What you must keep in mind, she tells me, is what the Greek tragedians taught us, especially about the gods. The gods, remember, were each stuck with a fatal passion. They were done in by hubris. Think of Apollo, she says, as if mentioning the name of a pop star everybody knows. "He was a high and mighty aristocrat who was brought down by a nobody, Hermes, the thief who stole all his cows. Ha!" Think of Zeus, who wasted his days entangled in nymphs, giving birth from his thighs to mad baby demi-gods, and suffering for his lascivious deeds into eternity. Think of Hera, wild with envy. Or Dionysus, drunk to the gills. "Or Artemis," Popie goes on, "who, and I agree with her, thought men were a pain in the neck, but did she really have to shoot them all? The concept of balance, humility, common sense--it's not there in these myths for us. But in the presentation of nature"--here in the garden, say--"what might be more useful is to come down off those heights and make stories out of ordinary materials." Like dreams. Or rocks. Or memory.
Popie's view of the gods, be they the ancients or in their modern, American incarnations, is as irreverent as the design of her garden--floating here on an urban throughway where most plots follow the conventional: the requisite border of marigolds and spirea, set down according to some landscape architect's formula.

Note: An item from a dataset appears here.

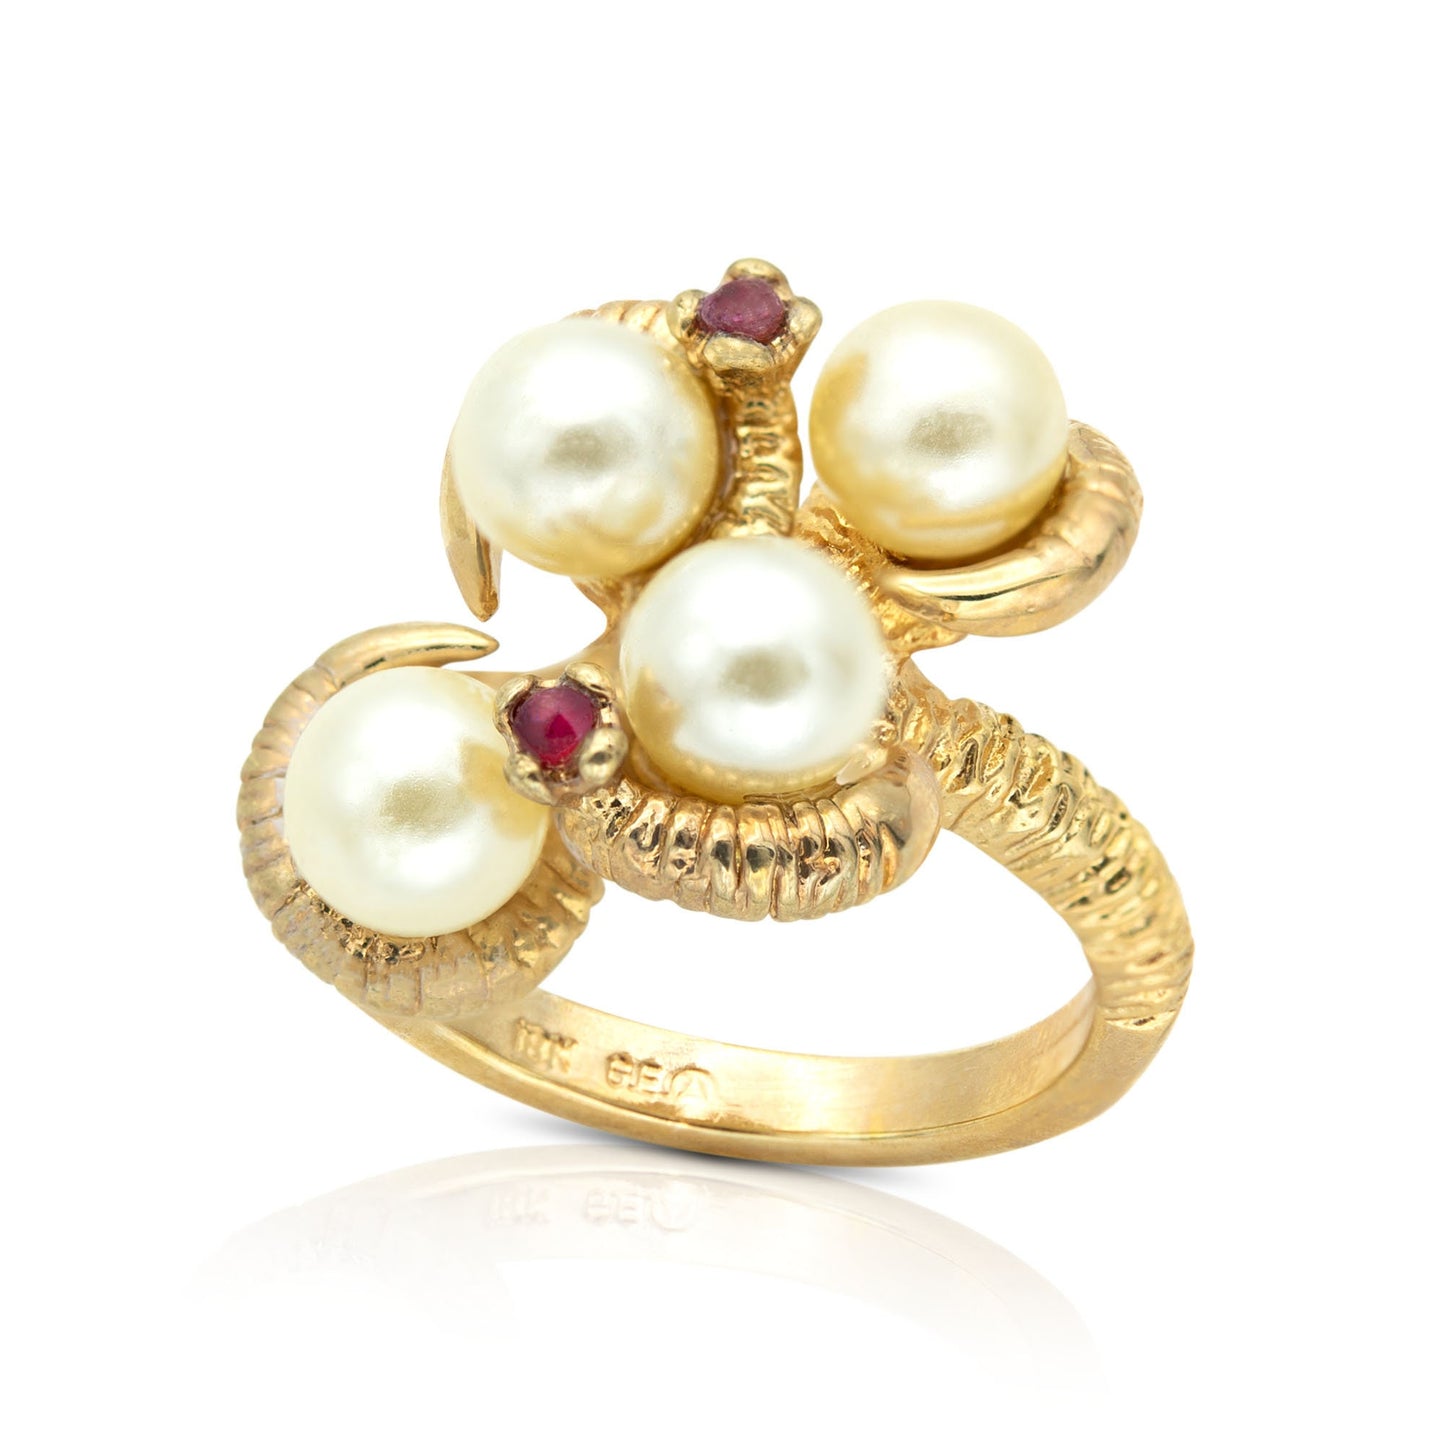 A Vintage Pearl Beads with Genuine Ruby Accents 18k Gold Electroplated #R761

What kind of dramas could they ever tell? Certainly not epic ones, not ones that rhyme or remind the gardener of what Popie calls "the strange love affair between the self and that old Achilles' heel"--the mind.
"I always remember," she says near the end of my last visit, "what happened on Mount Olympus here"--pointing to the small rock at our feet. The pantheon of original gods was said to live at its summit, where they spent the better part of their waking hours gulping ambrosia, screwing around, and basking in their immortality. "Well, I put this here to remind myself of a story. In this one, Olympus, like the many mountains in the Olympic Peninsula of the American northwest, rises thousands of feet above the ground, high in the clouds. One time I was there, towards the end of the day, looking at the path winding up it. I said, 'Popie, you are acrophobic. What on earth do you want with going up there?' But I went, up and up, as if in a dream.
"As I travel, I turn around and see the white clouds below--so beautiful. And then: fear. Unadulterated fear, for the second time in my life. So here I go into the ordeal, descending. Things below look smaller than they are. And the path is narrow, all in ice shining. If I slip, nothing can save me. I go down onto my knees. I begin to crawl. I am about to shoot myself in the head. 'What a crazy thing--you must come down from here!' So, I get near the bottom and begin to vomit. It all comes out, all the fear comes pouring out. And then, the clouds burn away and I see the slope leading down to earth and it is gorgeous, dazzling, covered in alpine flowers like a Persian carpet. So I say, 'Popie, let the gods stay up there. You come down and save yourself.' So I did that," she says, brushing a few late summer leaves from the foot of Olympus, "and you see what has happened--this mountain is just a rock, here in my garden. With a bit of help, even this 70-year-old woman could move it."